**Excerpted data**
━━━

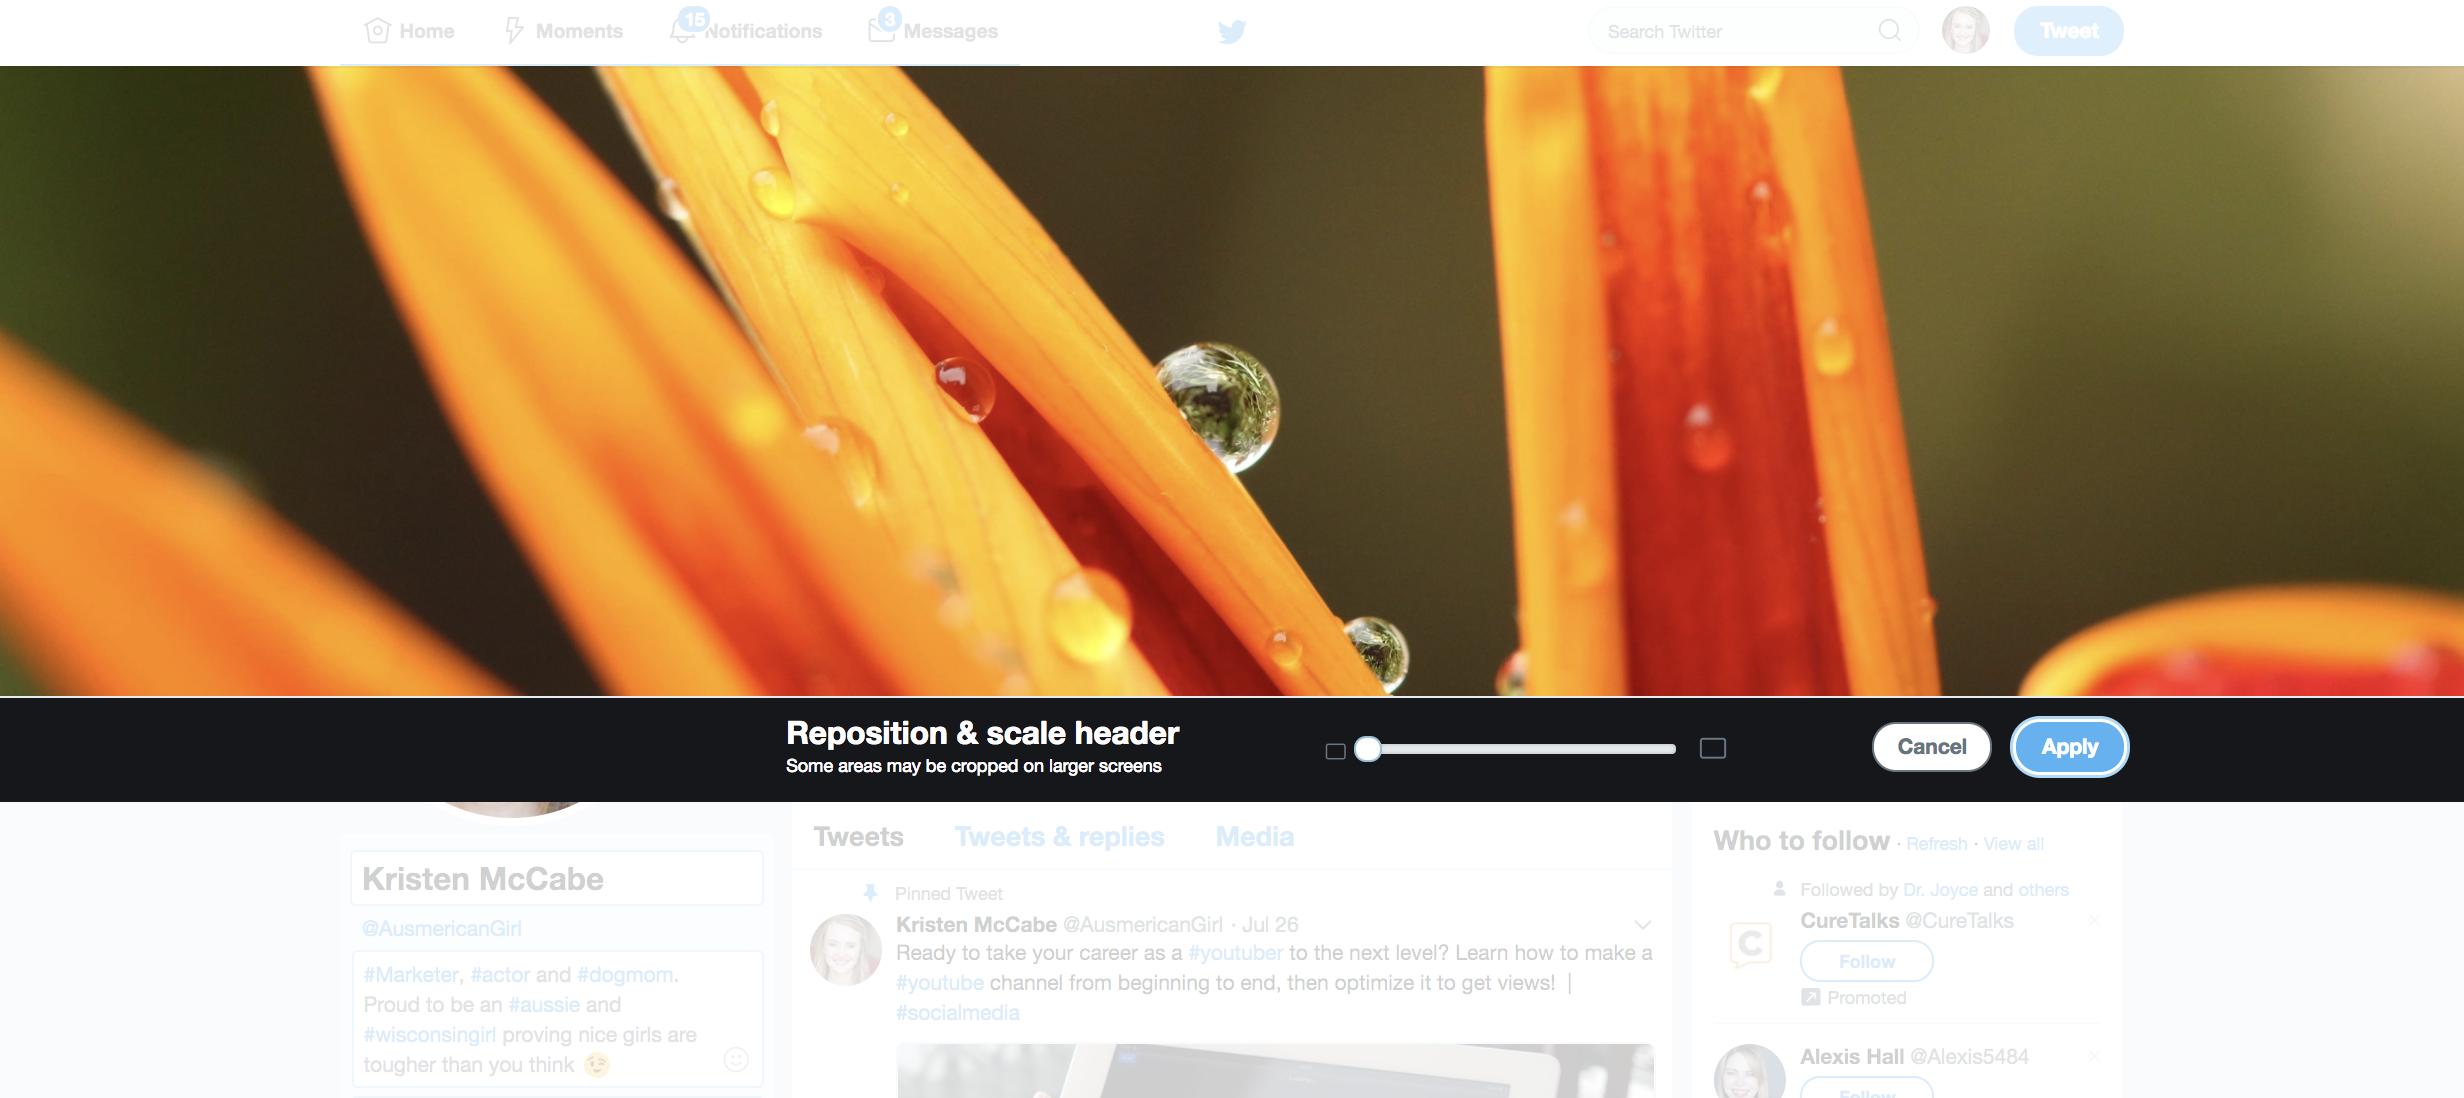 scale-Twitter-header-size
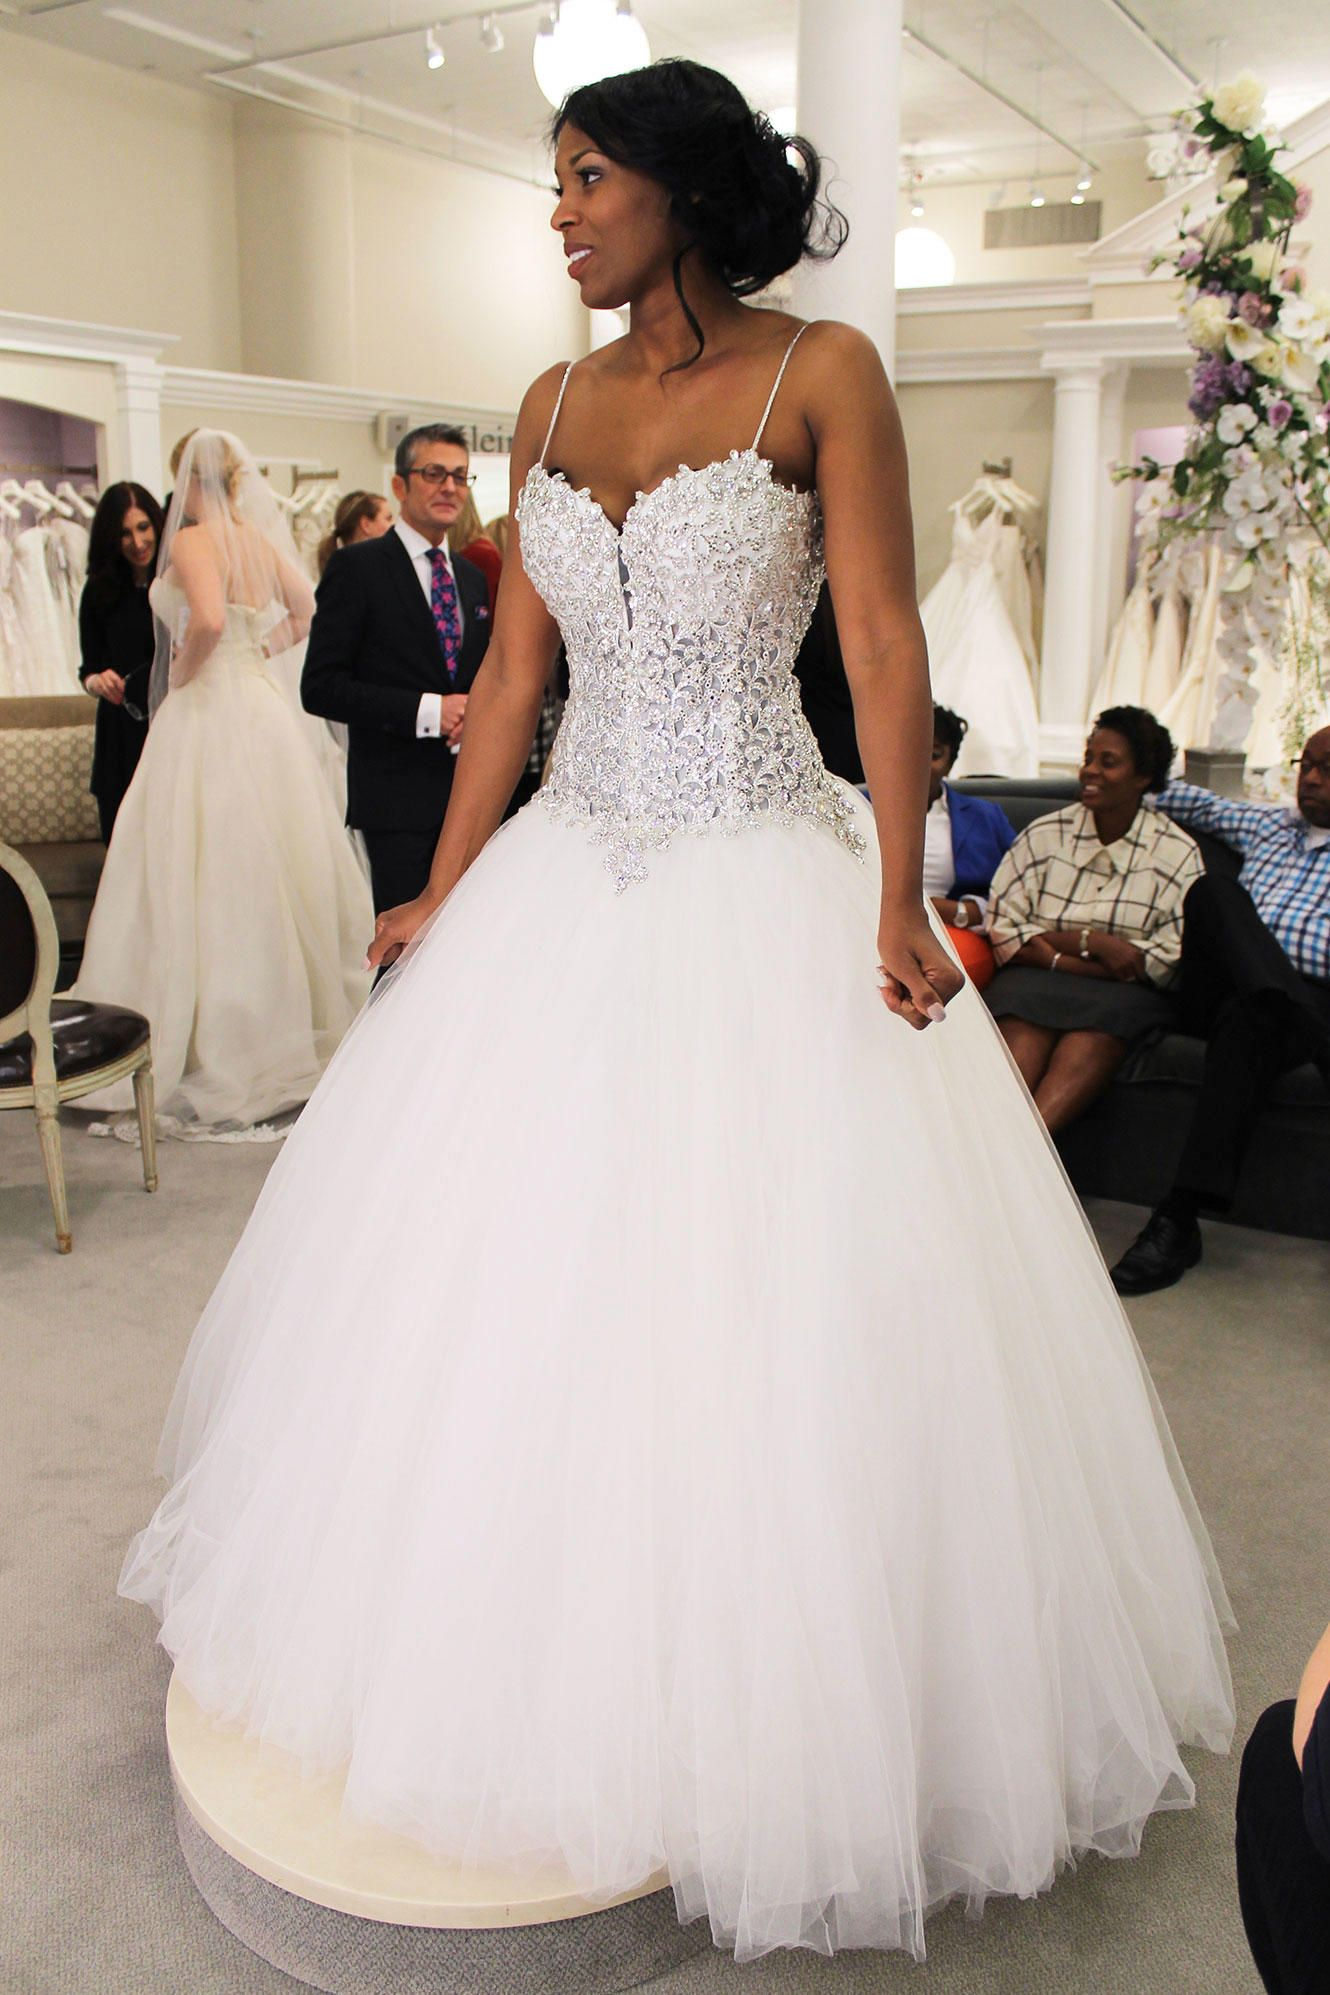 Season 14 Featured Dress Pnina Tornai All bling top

━━━

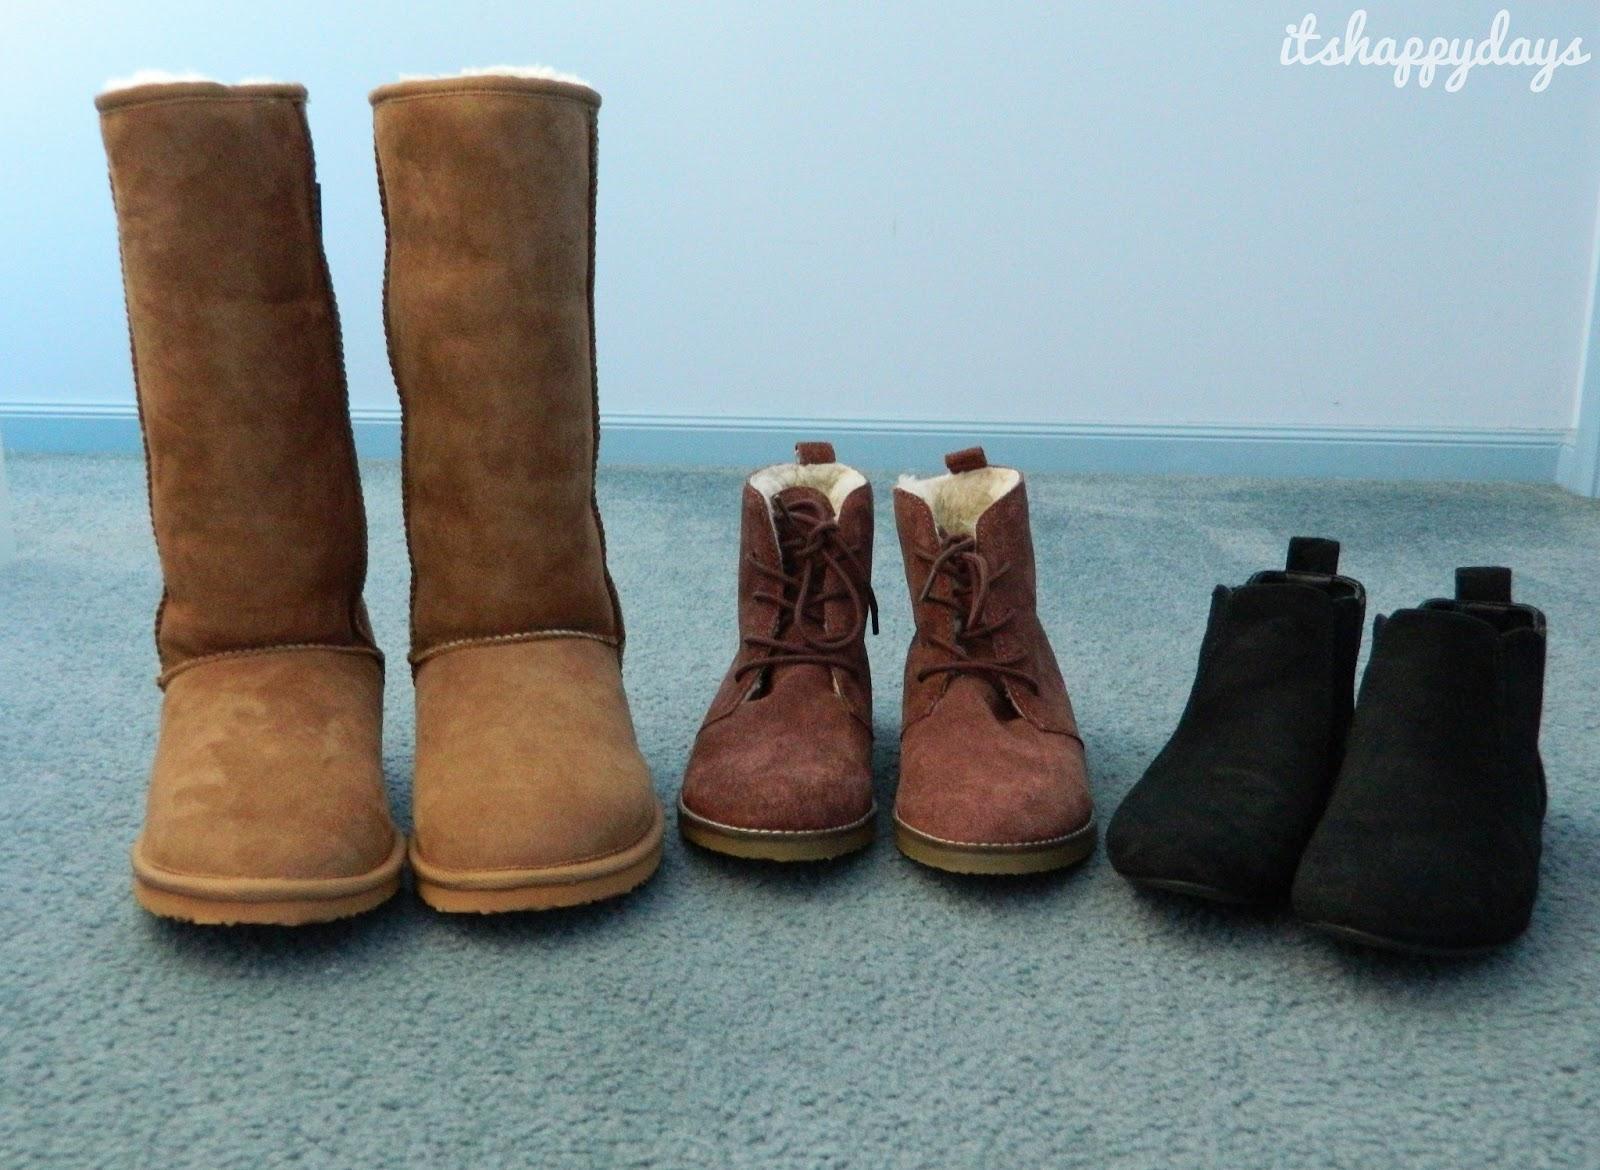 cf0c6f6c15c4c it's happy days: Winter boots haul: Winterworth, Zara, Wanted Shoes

━━━

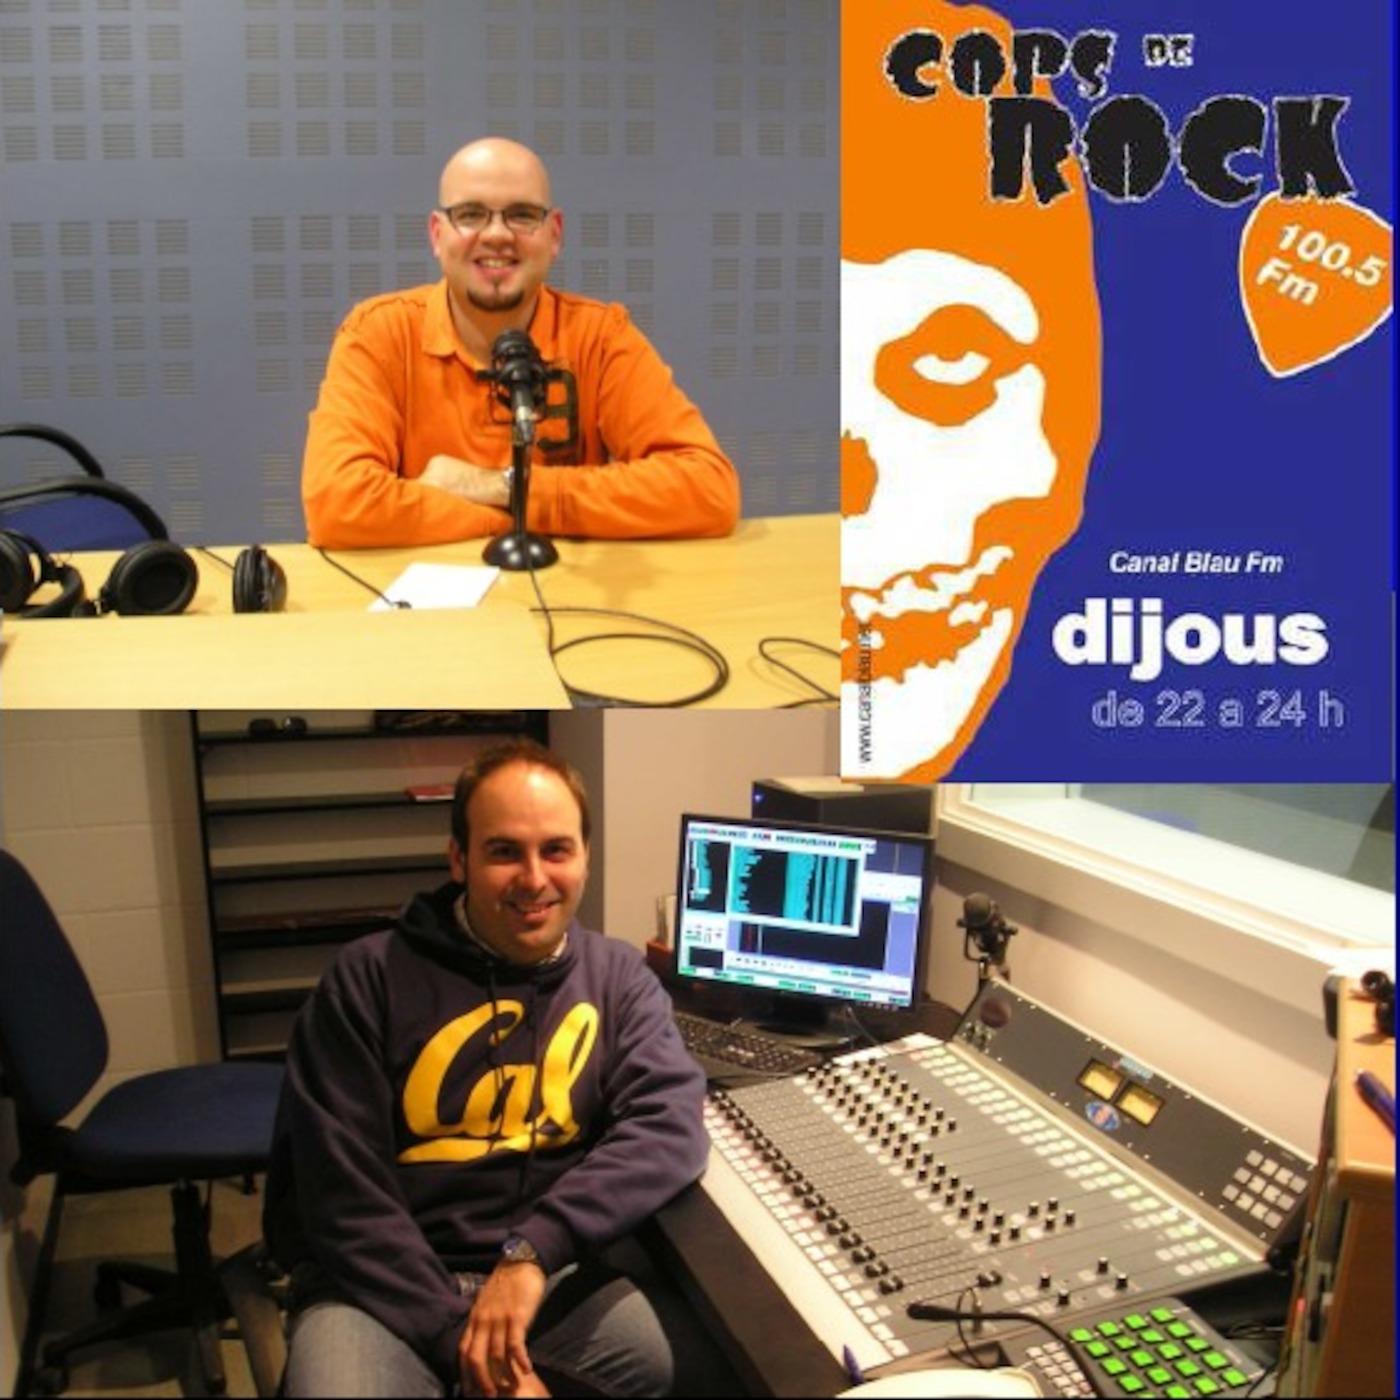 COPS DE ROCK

━━━

**Work order**
From the listing above, please give again the lines that begin with the line holding "scale-Twitter-header-size" and go on through the line holding "Season 14 Featured", exactly, both ends included, minus any picture.

**Task solution**
 scale-Twitter-header-size
 Season 14 Featured Dress Pnina Tornai All bling top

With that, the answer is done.